Я опишу один день из жизни нашего дома, и таких дней в году было если не 365, то, по крайней мере, 300.
Немного о доме. Наш дом был построен богатым евреем Раминдиком (это его фамилия) в 1905 году. Дом имел форму подковообразного магнита в плане. В дуге магнита — проход и ворота. Вся внутренняя поверхность магнита в остекленных верандах. Потолки — около 4-х метров, первый этаж — высокий. Третий этаж — на высоте современного пятого.

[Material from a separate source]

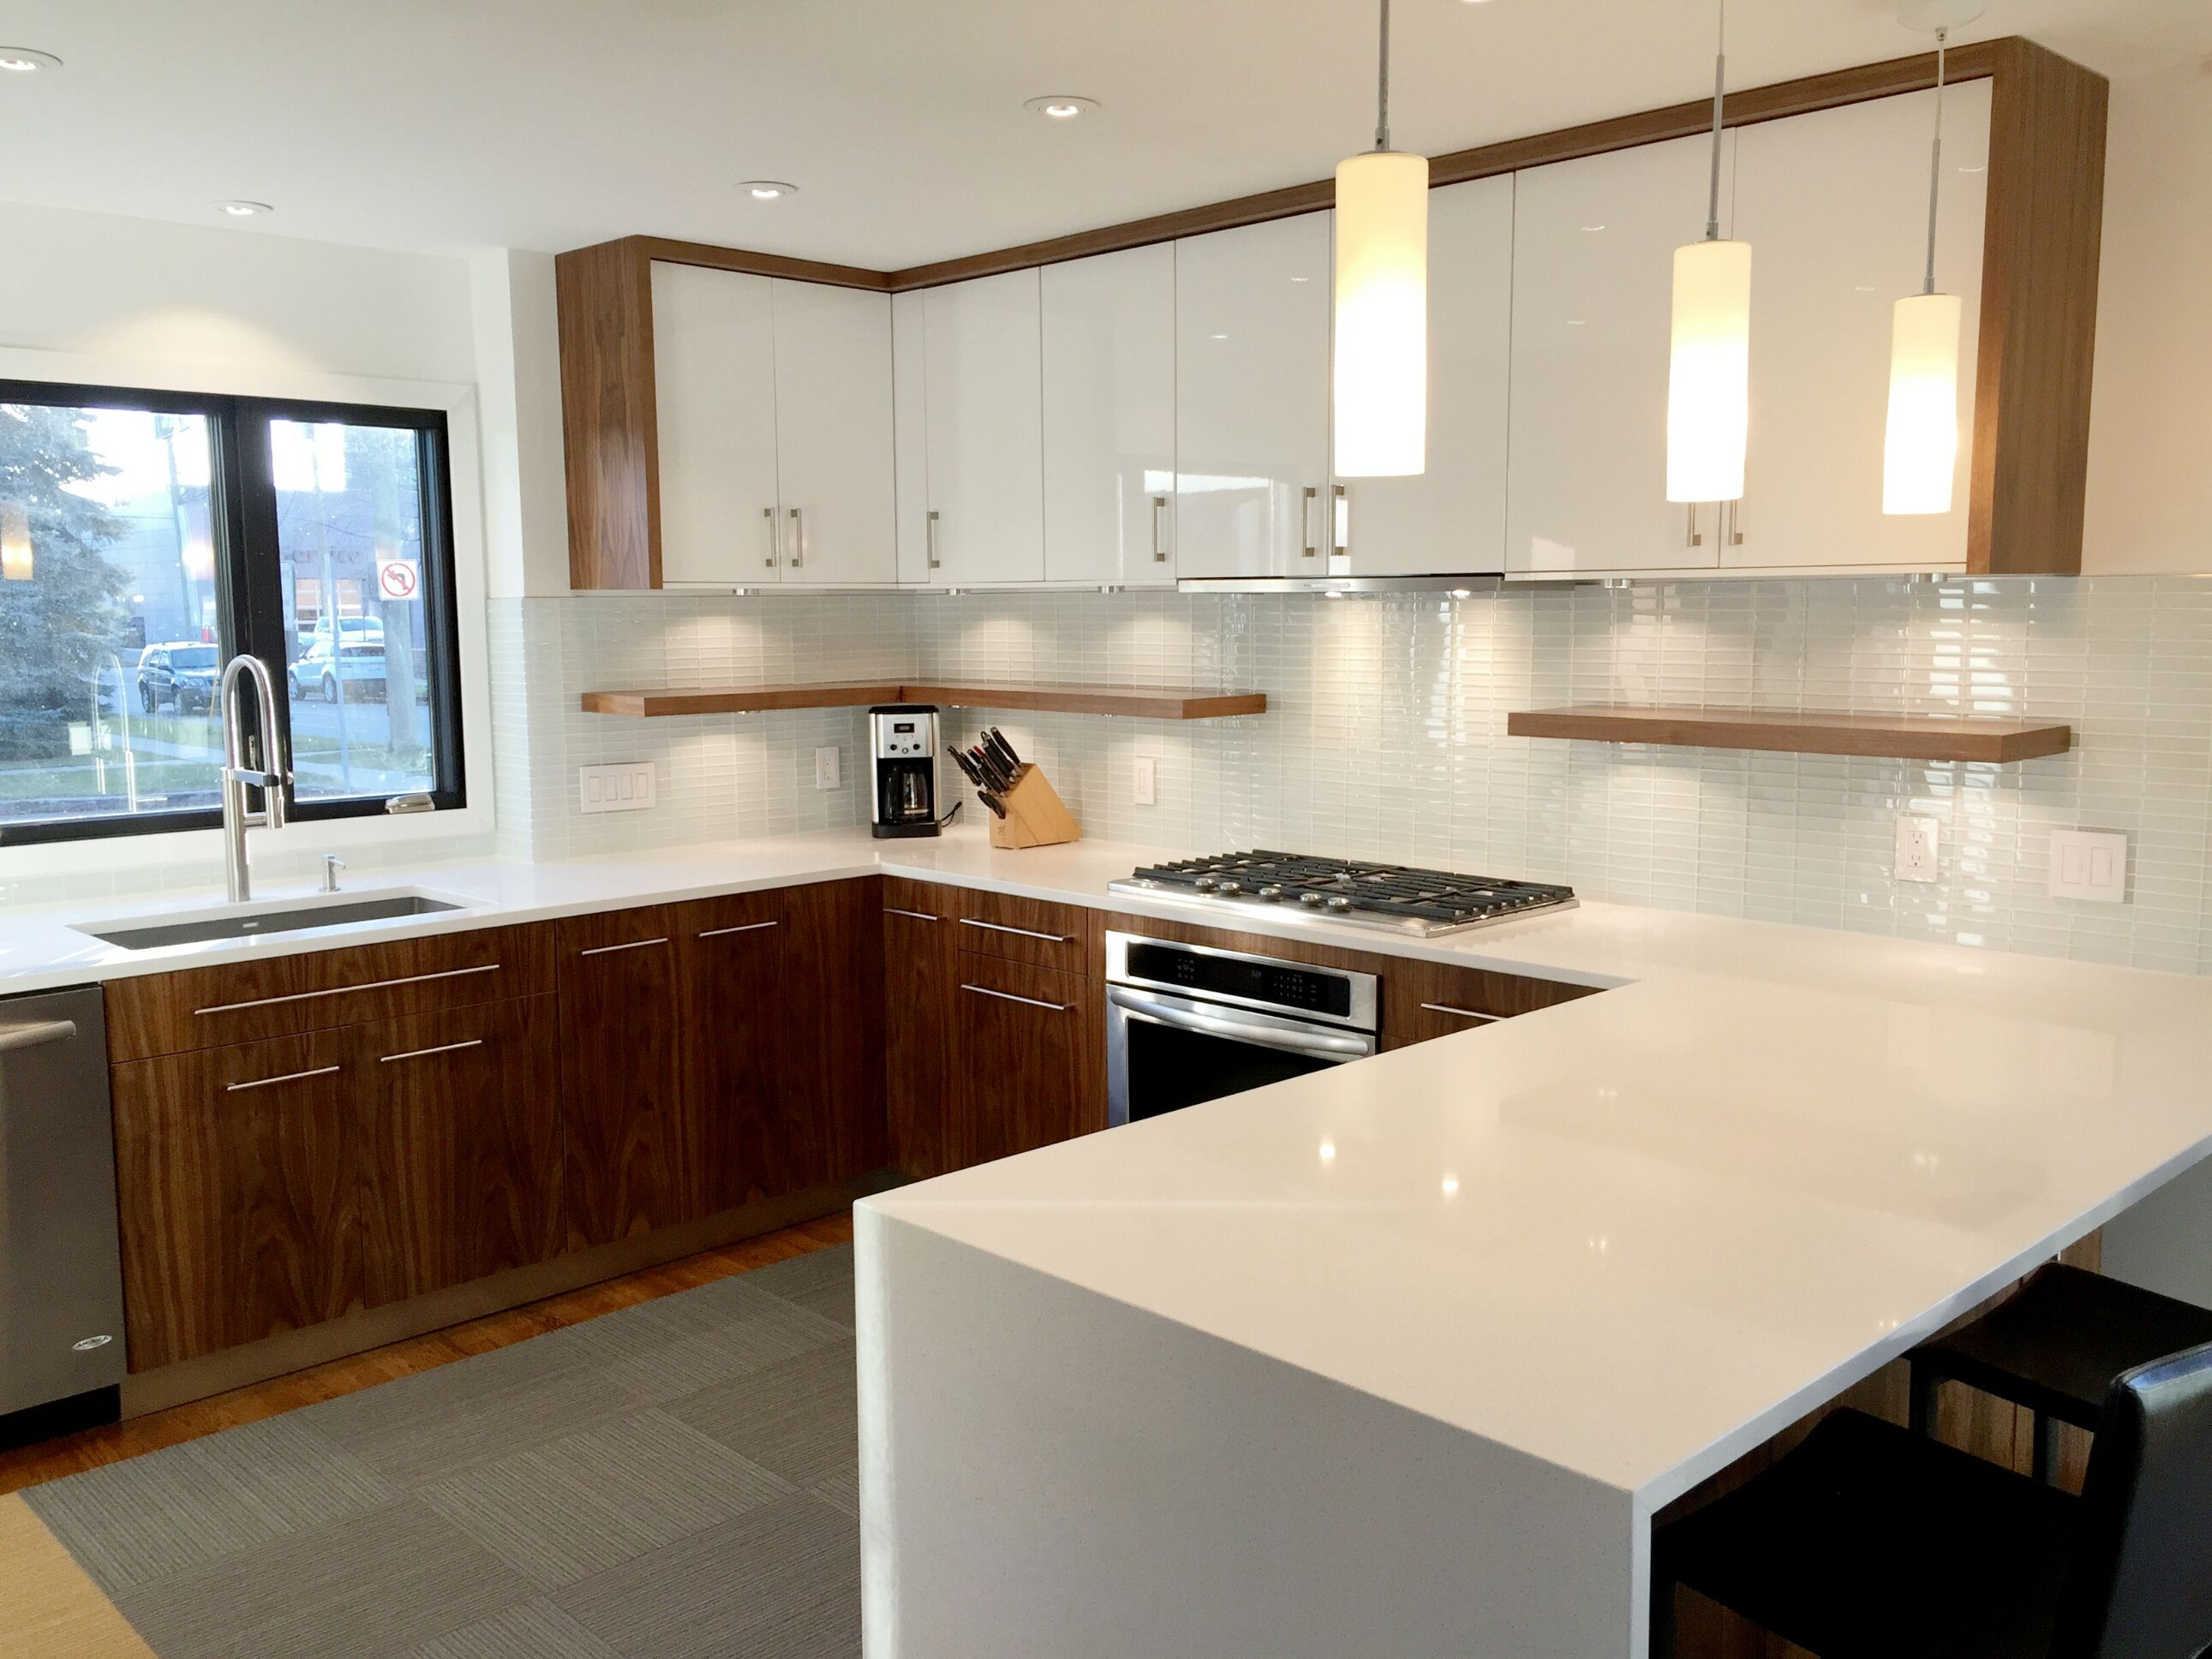 ikea kitchens cabinets kitchen orlando with semihandmade flatsawn walnut fronts
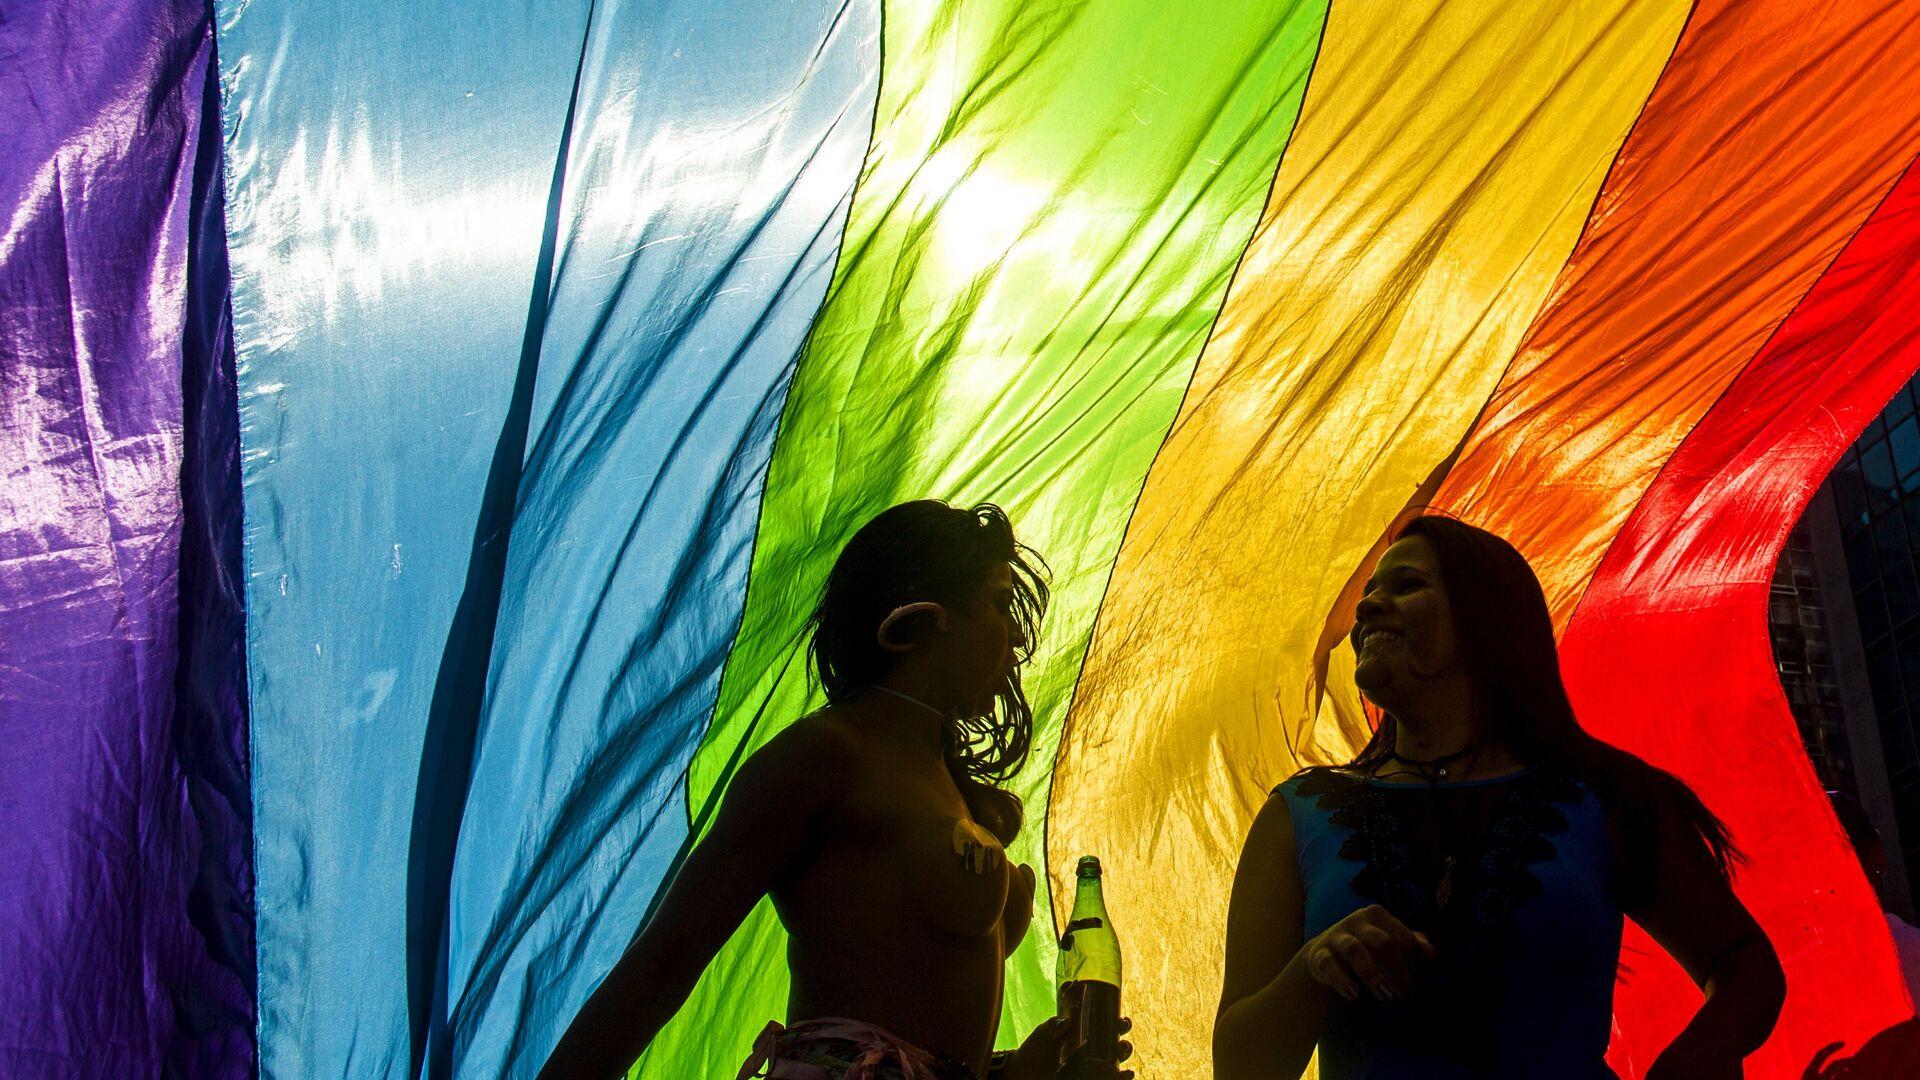 Revellers take part in the 19th Gay Pride parade along Paulista Avenue in Sao Paulo, Brazil, June 7, 2015 - Sputnik Mundo, 1920, 29.06.2021

Большевики (или коммунисты?) отобрали дом у Раминдика. Дочери Раминдика
— Севе Григорьевне, оставили комнату на втором этаже. Это была безумно разговорчивая еврейка, в моем детстве, я ее помню уже лет шестидесяти. Беда, если Сева Григорьевна поймает вас во дворе или при выходе из дома — тогда она немедленно схватит вас за пуговицу и начинает рассказывать в таком роде:
Вот наш Лева, он же — гений, весь Челябинск — а он живет в Челябинске — говорит об этом, нет, вы просто не знаете нашего Леву, вы бы не то сказали … — и пуговица отвинчивается от вашего пальто, пиджака или рубашки.
Сева Григорьевна, вы оторвете мне пуговицу!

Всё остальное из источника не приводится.